**GOAL OF THE EXERCISE**
Return the lines of the material below exactly, beginning with the line that has "Pizza integrale con" in it and finishing with the line that has "歰 step-by-step stroke order diagrams" in it. Leave all pictures aside.

**EXERCISE MATERIAL**

* * * * *

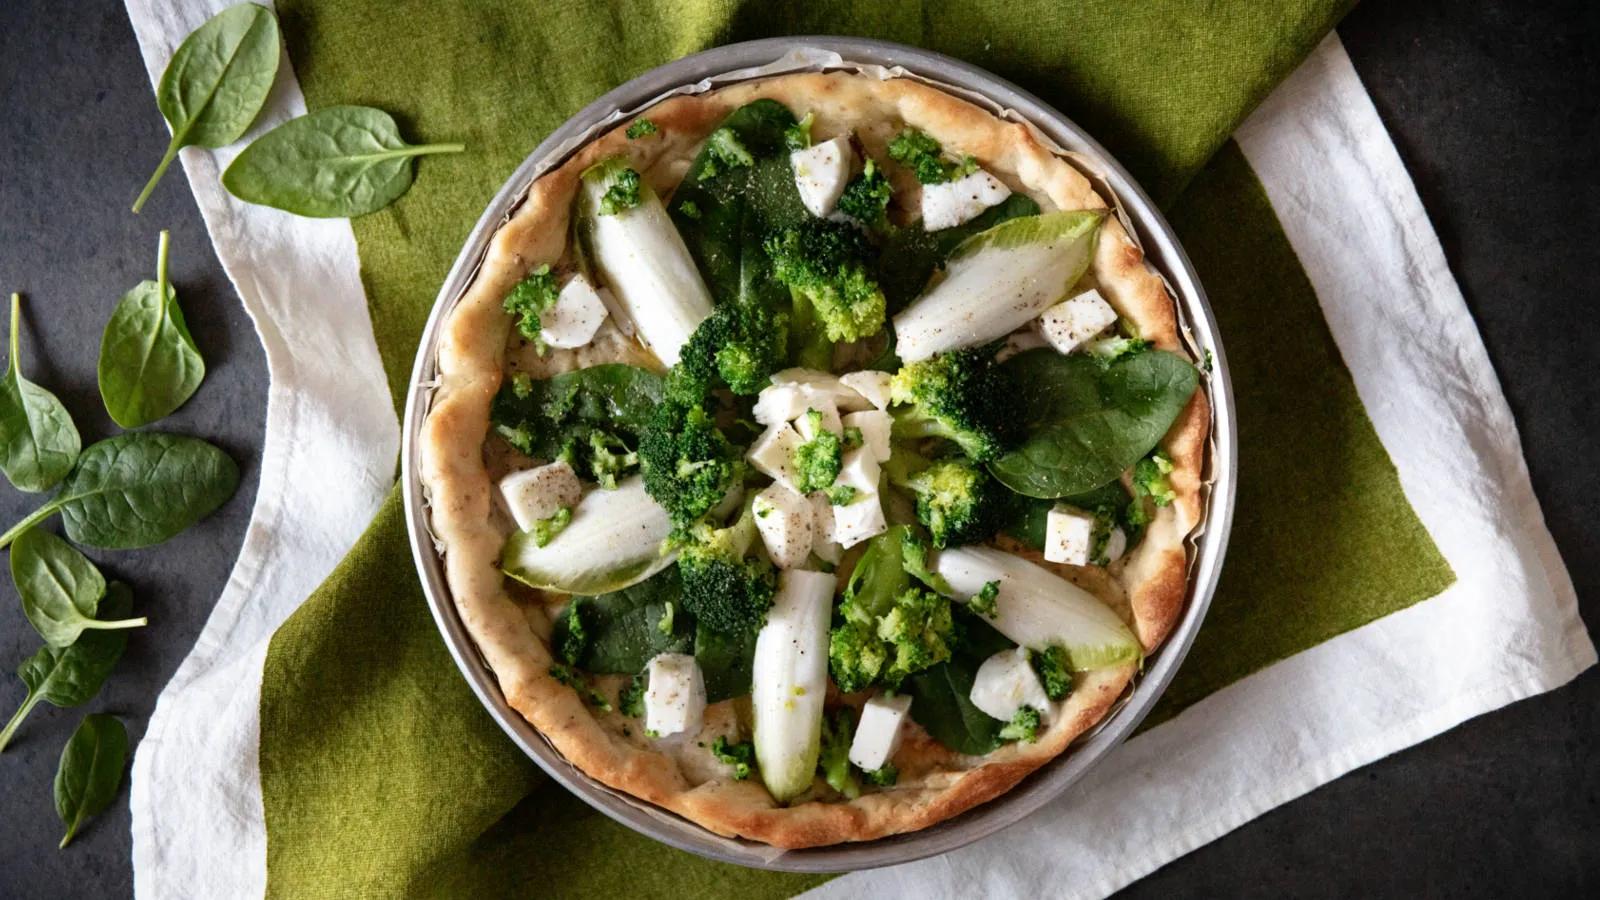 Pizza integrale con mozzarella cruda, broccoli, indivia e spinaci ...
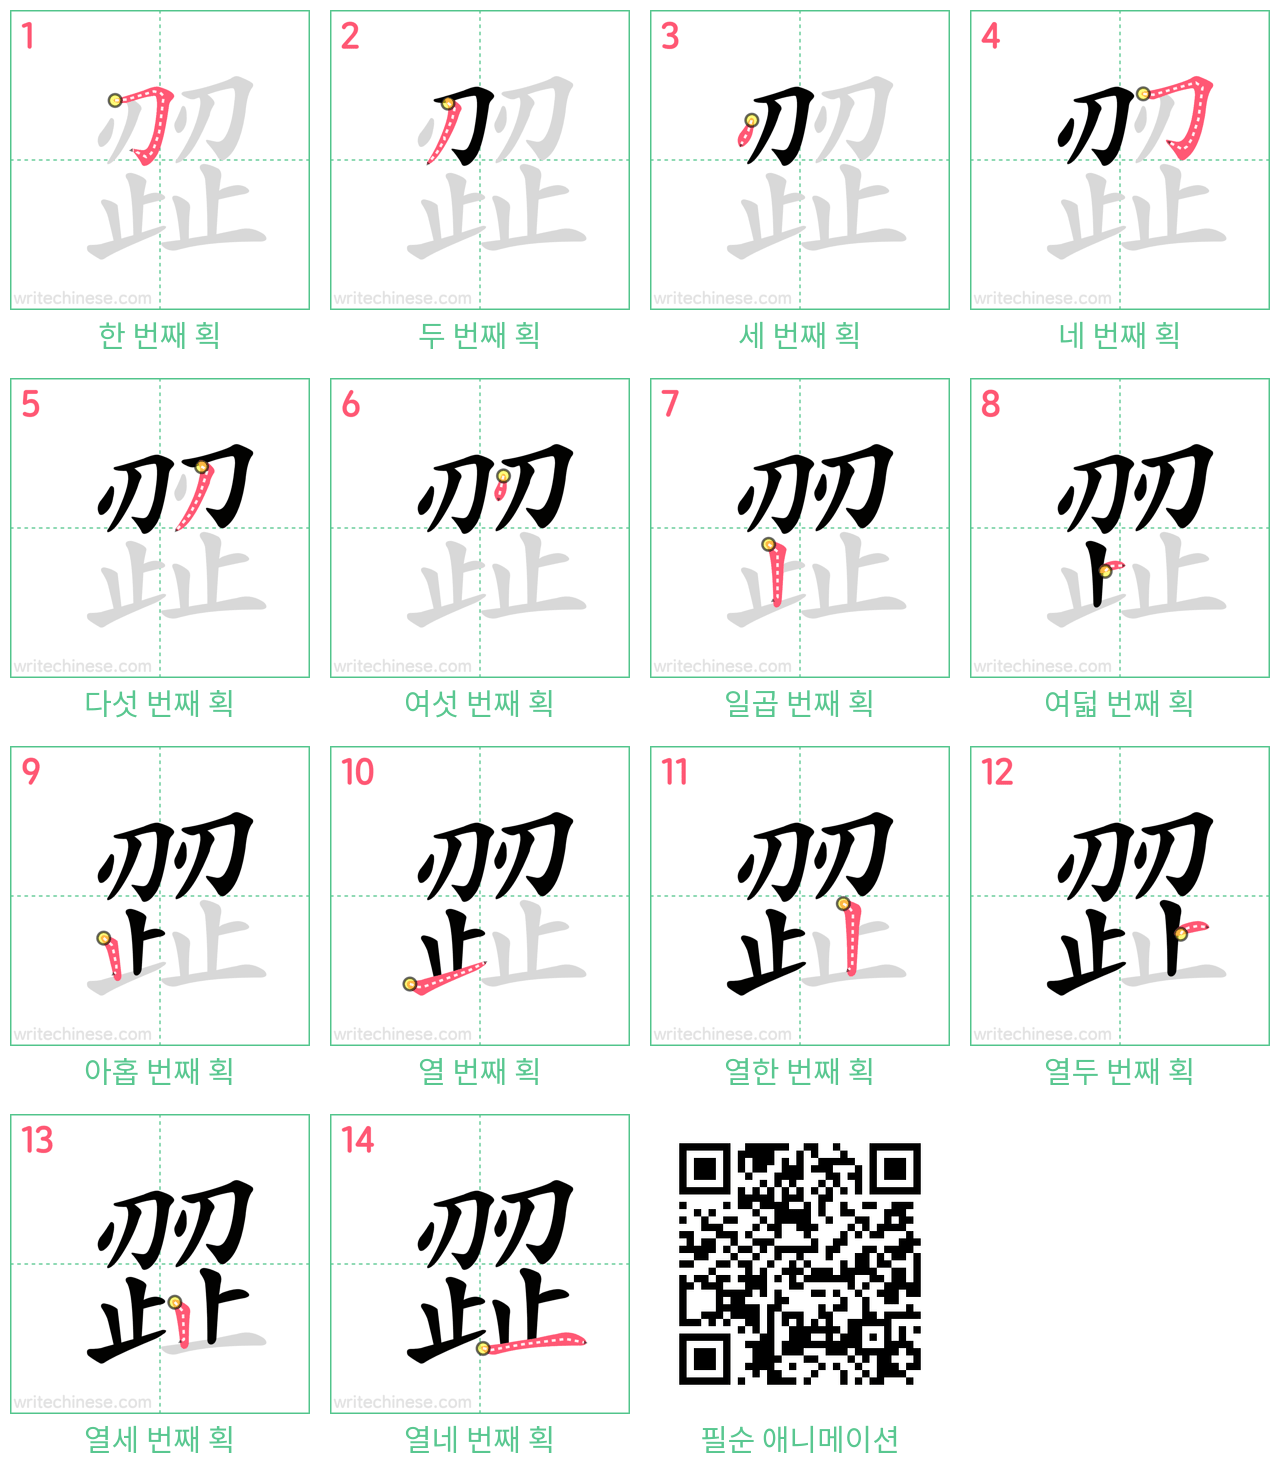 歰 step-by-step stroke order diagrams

* * * * *

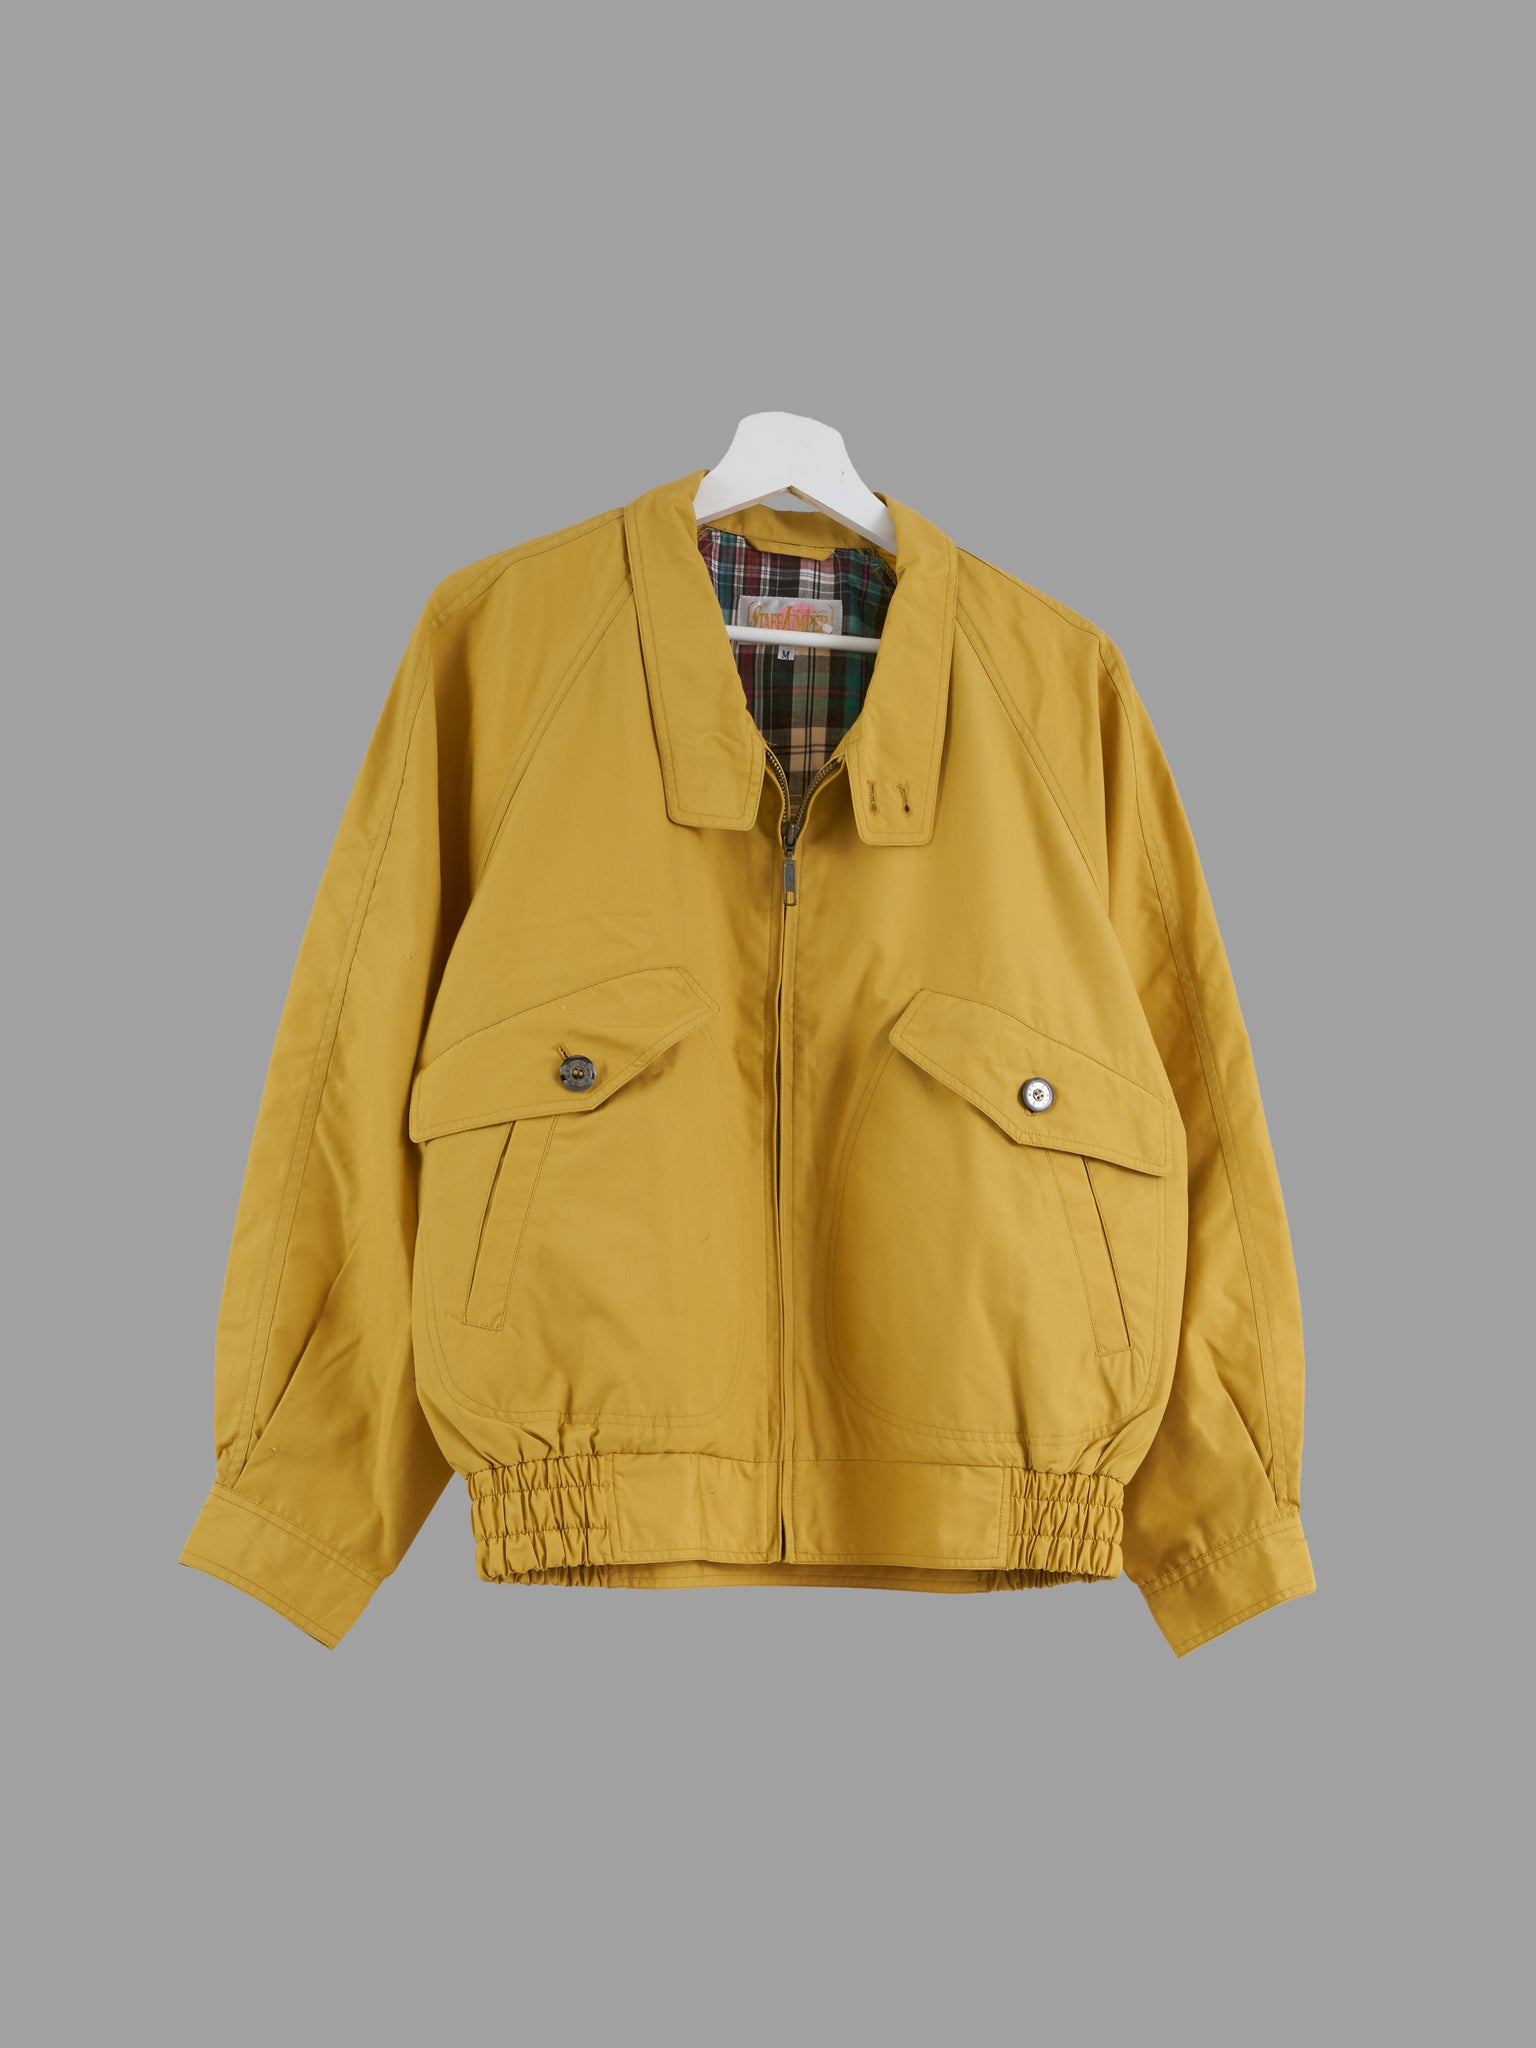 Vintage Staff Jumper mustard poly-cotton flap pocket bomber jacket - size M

* * * * *

**TASK SOLUTION**
 Pizza integrale con mozzarella cruda, broccoli, indivia e spinaci ...
 歰 step-by-step stroke order diagrams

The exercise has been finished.